Countable subset and monotonic function

let E be subset of R which has no isloated points(or C does not have any isolated point of E) and C be countable subset of R does there exist a monotonic function on E which is continuous only at points in E-C?

The problem is from Royden 4th edition page 109.

I know the proof in case E is an open bounded interval only.

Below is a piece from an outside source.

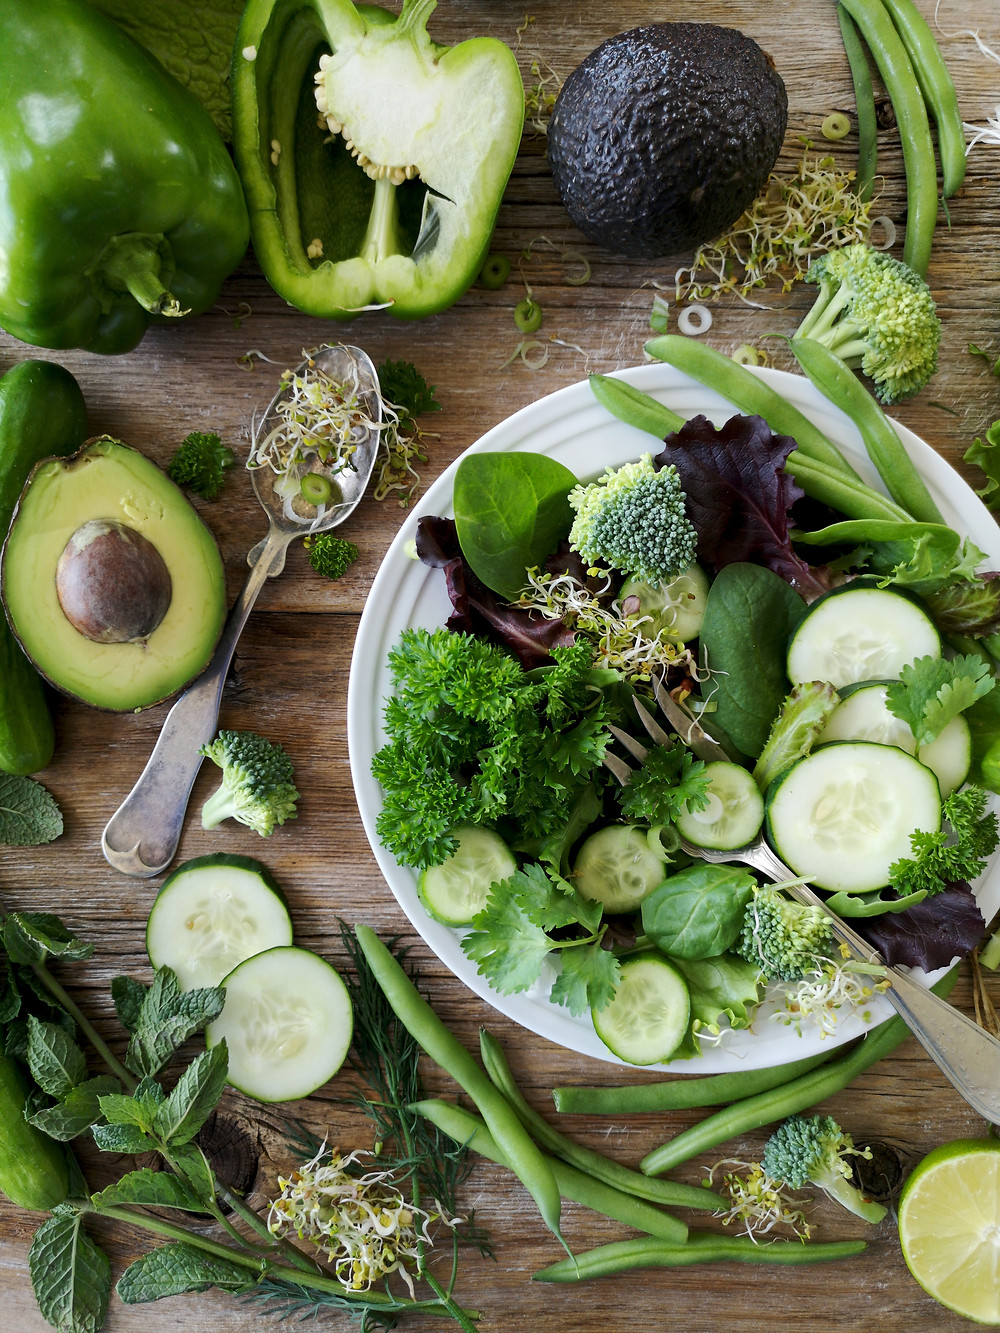 foods high in fiber help keep bowel movements healthy

Solutions Collecting From Web of "Countable subset and monotonic function"

Let

$$L=\left\{x\in C:\exists y_x\in\Bbb R\big(y_x<x\text{ and }(y_x,x)\cap E=\varnothing\big)\right\}\;;$$

this is the set of points in $C$ that are not limits from the left of points in $E$. Another way to say it is that $x\in L$ if and only if $x\in C$ and $x>\sup_{\Bbb R}\{y\in E:y<x\}$. Let $Y=\{y_x:x\in L\}$; $C\cup Y$ is countable, so let

$$C\cup Y=\{x_n:n\in\Bbb N\}\;.$$

(I’m assuming that $C$ is countably infinite; if $C$ is finite, the problem is fairly trivial.) Let

$$f:E\cup Y\to\Bbb R:x\mapsto\sum_{x_n\le x}\frac1{2^n}\;.$$

Finally, let

$$g:E\to\Bbb R:x\mapsto\begin{cases}
f(y_{x_n}),&\text{if }x=x_n\in Y\\
f(x),&\text{otherwise}\;.
\end{cases}$$

The definition of $f$ ensures that $g$ is discontinuous from the left at every point of $C\setminus L$ and continuous everywhere else, and the modification to get $g$ ensures that $g$ is discontinuous from the right at every point of $L$ without affecting continuity at any other point of $E$. Thus, $g$ is discontinuous precisely at the points of $C$.

Yes, list $E\cap C = \{x_n:n=1,2..\}$. For each $x$ let $N_x=\{n:x_n<x\}$. Define $f(x)=\sum_{n\in N_x}2^{-n}$.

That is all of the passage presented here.